L'invito metziano "a fare la semiologia del cinema" su cui si chiude Le cinéma: langue ou langage? inaugurò immediatamente un fecondo dibattito internazionale. La prima fase della riflessione ruotò soprattutto attorno al problema della doppia articolazione e dello statuto segnico del cinema e trovò in Italia alcuni dei suoi protagonisti principali.Fra questi, Gianfranco Bettetini in Cinema: lingua e scrittura (1968) sostiene l'esistenza di una doppia articolazione anche nel cinema, in particolare nella relazione fra piano figurativo e piano tecnico: il primo appare infatti composto di unità significanti (gli "iconemi") che raffigurano una certa situazione, secondo un'articolazione più simile a quella del discorso in frasi che non in parole; il secondo ha invece a che fare con i singoli elementi tecnici, dotati di un significato che preesiste al piano figurativo e che può essere assimilato all'articolazione fra parole, più che fra suoni. Come si vede, per parlare di doppia articolazione nel cinema è dunque necessario "spostare" di livello le grandezze in gioco: dalle parole alle frasi, dai suoni alle parole.
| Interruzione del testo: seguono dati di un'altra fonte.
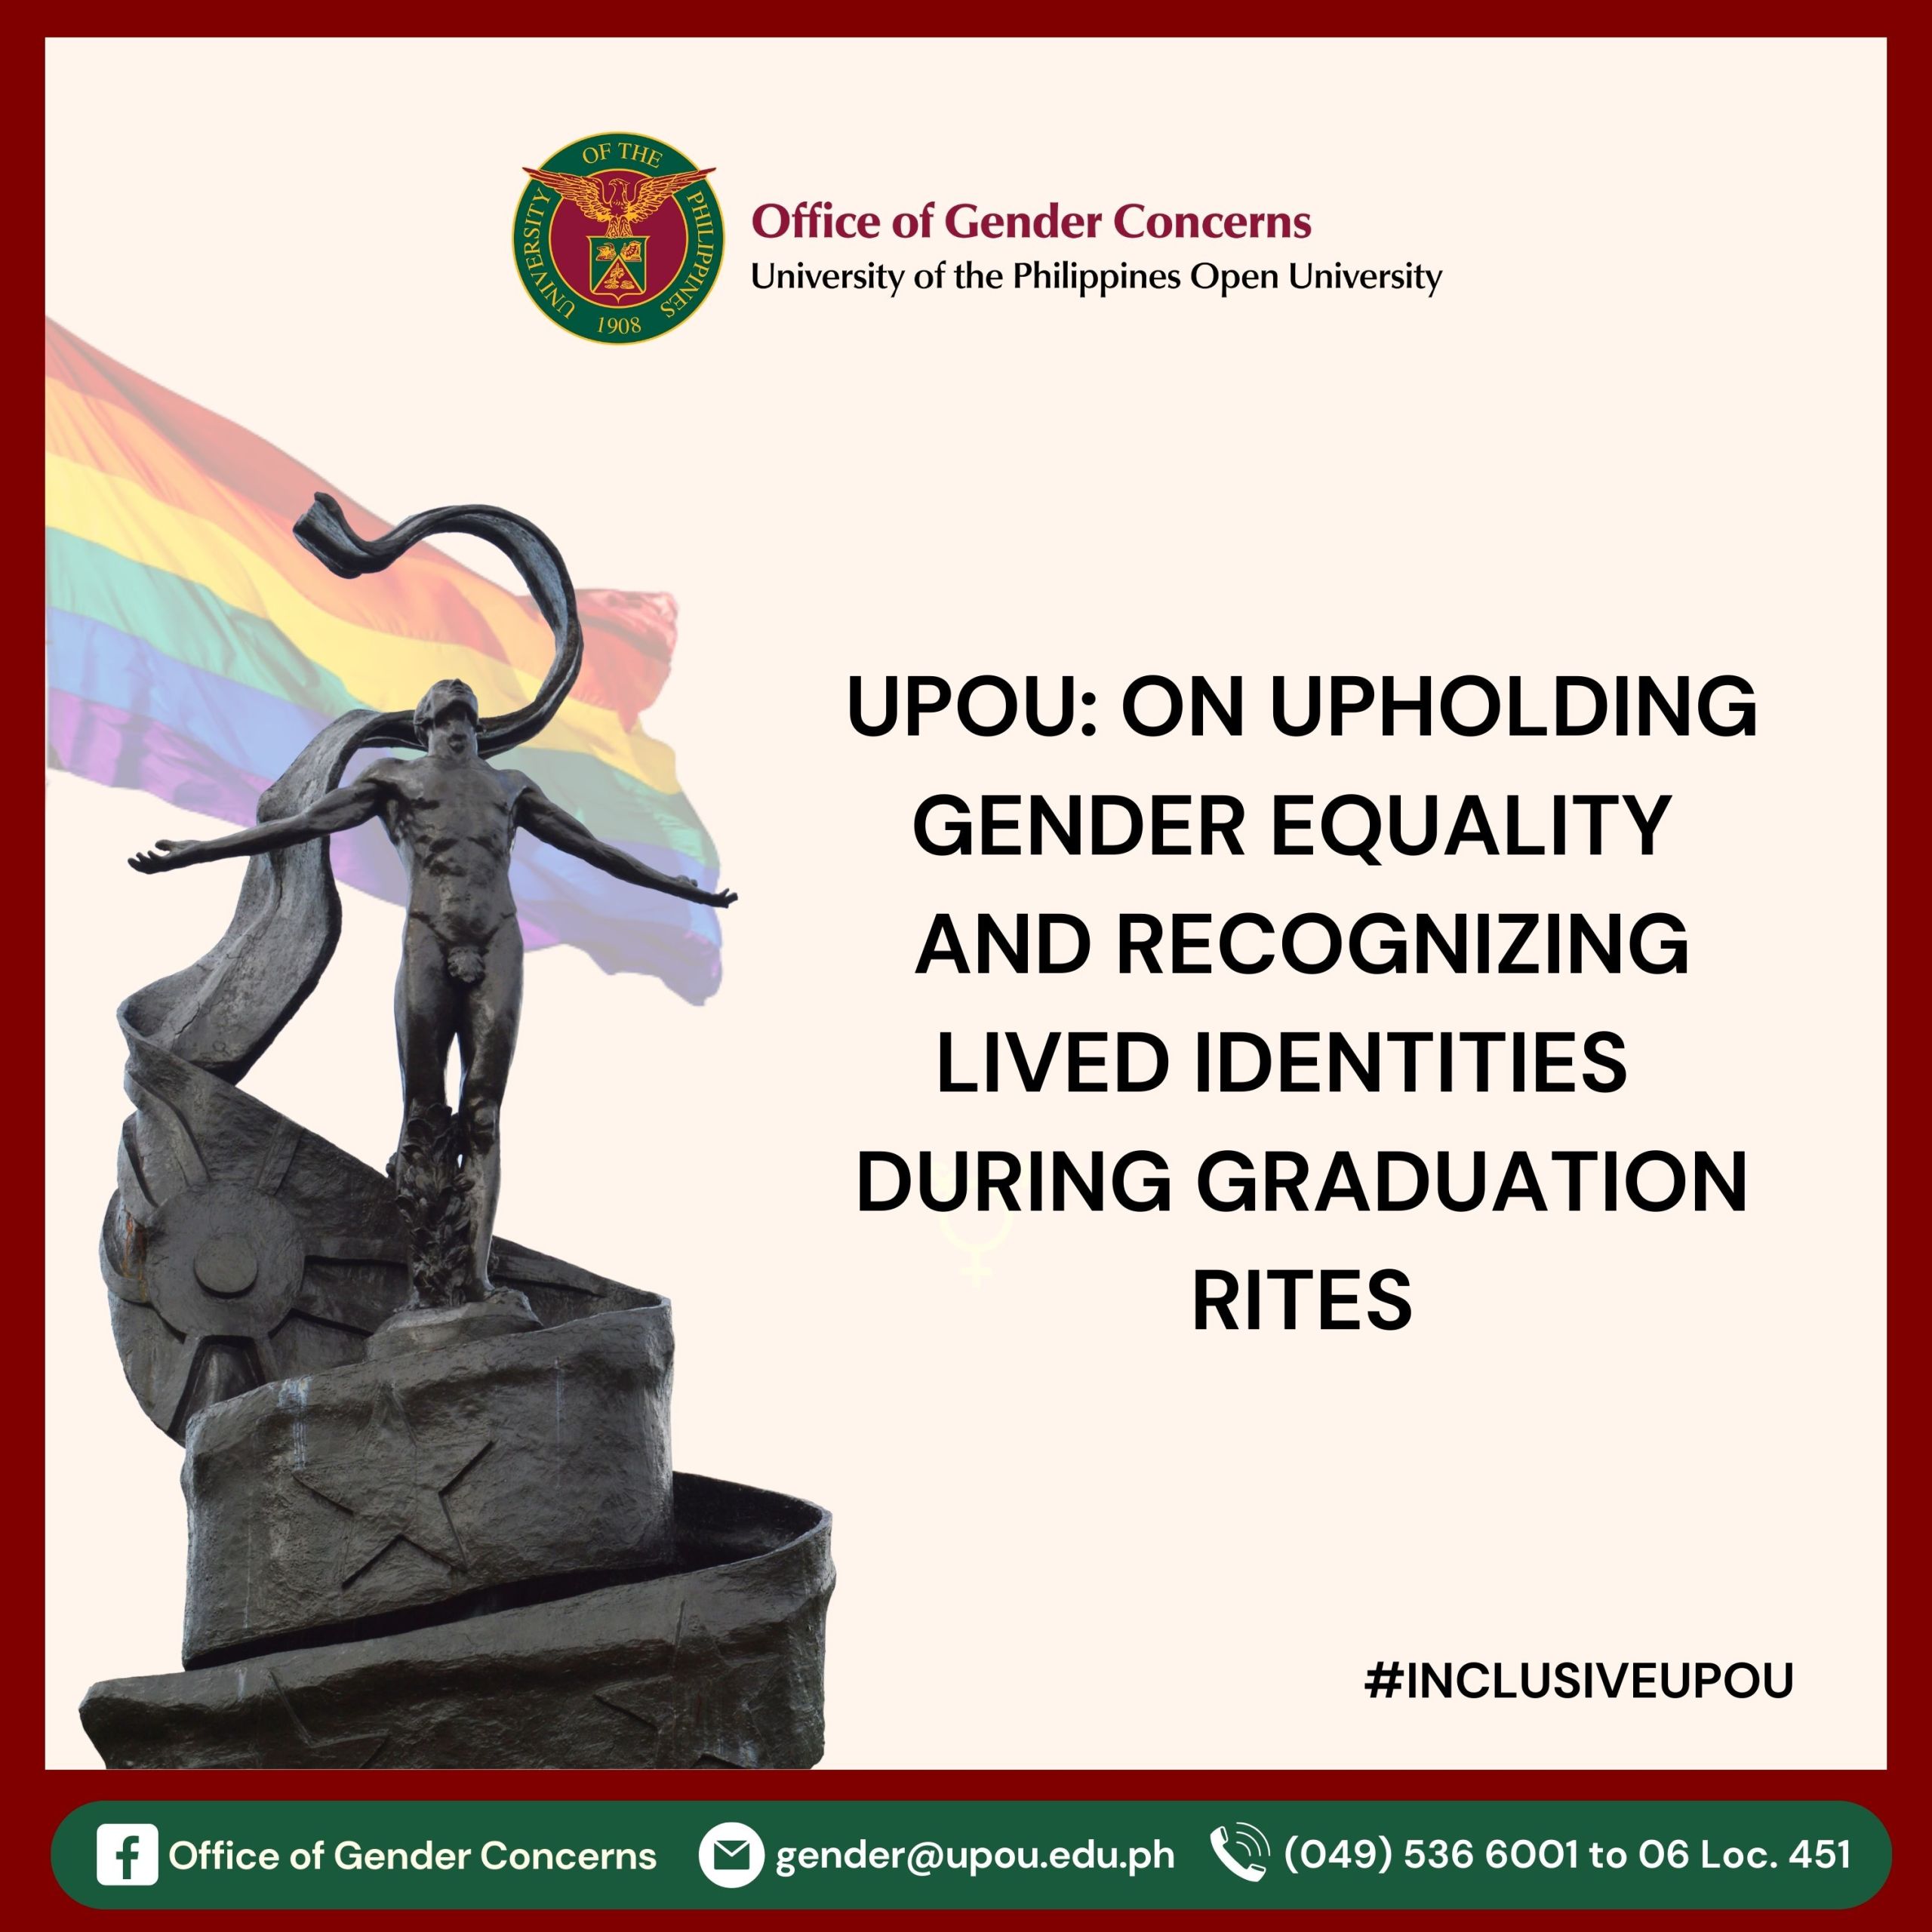 UPOU: ON UPHOLDING GENDER EQUALITY AND RECOGNIZING LIVED IDENTITIES DURING GRADUATION RITES
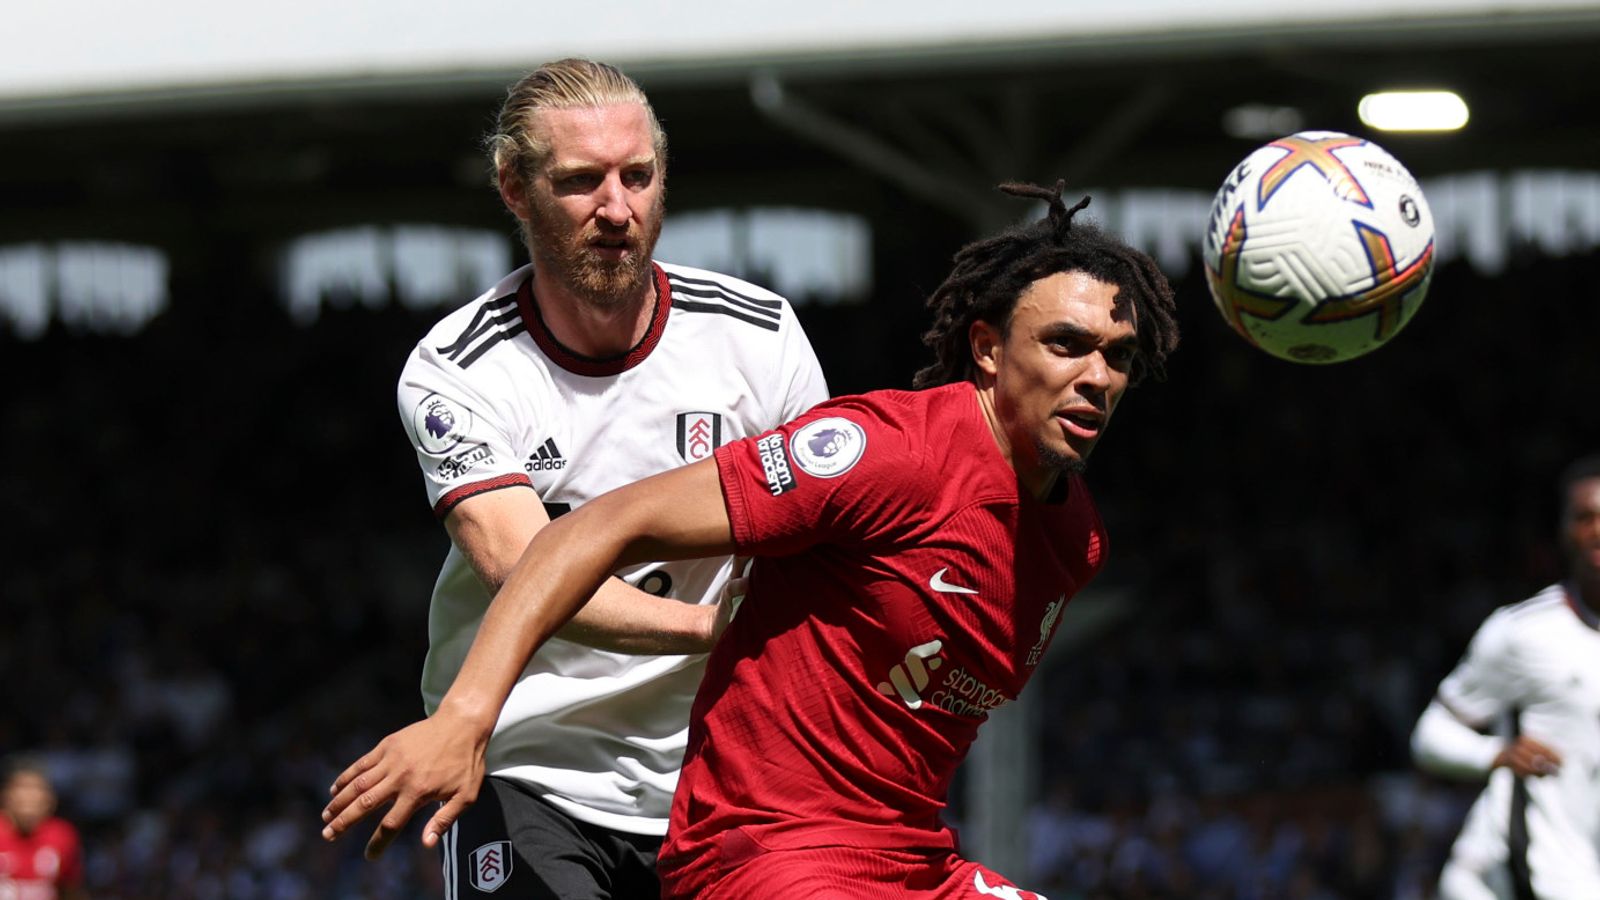 Gary Neville: Trent Alexander-Arnold must redress imbalance in his game – but it’s not a time to give up on him

Umberto Eco intervenne nel dibattito (1968) proponendo di distinguere fra sistemi a una sola articolazione (per es., i numeri degli autobus) e sistemi a più articolazioni. Il cinema, in particolare, sembra possederne tre: le prime due si manifestano all'interno del singolo fotogramma e si compongono di "semi iconici" (unità immediatamente decodificabili come, per es., "gangster che indossa un impermeabile"), e di unità, dette figure, che fungono da puri significanti (angoli, curve, linee ecc.). La terza organizza invece il passaggio dal fotogramma all'inquadratura, trasformando i 'cinemi' (frutto dell'articolazione fra semi e figure) in 'cinemorfi', unità complesse prodotte dalla relazione fra singoli 'cinemi' all'interno dello scorrimento temporale.La posizione di Eco era direttamente in polemica con quella di Pier Paolo Pasolini, che in Il cinema di poesia (relazione d'apertura alla Prima mostra internazionale del nuovo cinema di Pesaro, 1965, poi pubbl. in Empirismo eretico, 1972) individuò la possibilità di una doppia articolazione cinematografica nella relazione fra singoli 'cinemi', assimilati ai fonemi della lingua verbale e intesi questa volta come l'insieme degli oggetti 'reali' che occupano lo schermo, e spazio unificante dell'inquadratura, assimilato al morfema linguistico. Il cinema, secondo Pasolini, non costituisce un sistema di codificazione ma, più semplicemente, un luogo di "messa in forma" della realtà: ne deriva che "leggere un film equivale a leggere il mondo" perché le due dimensioni "parlano" la stessa lingua. La differenza risiede semmai nelle modalità di appropriazione di questo patrimonio comune: il cinema si comporta nei confronti del reale alla stregua della scrittura che assume e fissa la parola viva. Esso non agisce tanto da "traduttore" o "codificatore" quanto da supporto di registrazione per lo "spettacolo" intrinsecamente cinematografico del mondo.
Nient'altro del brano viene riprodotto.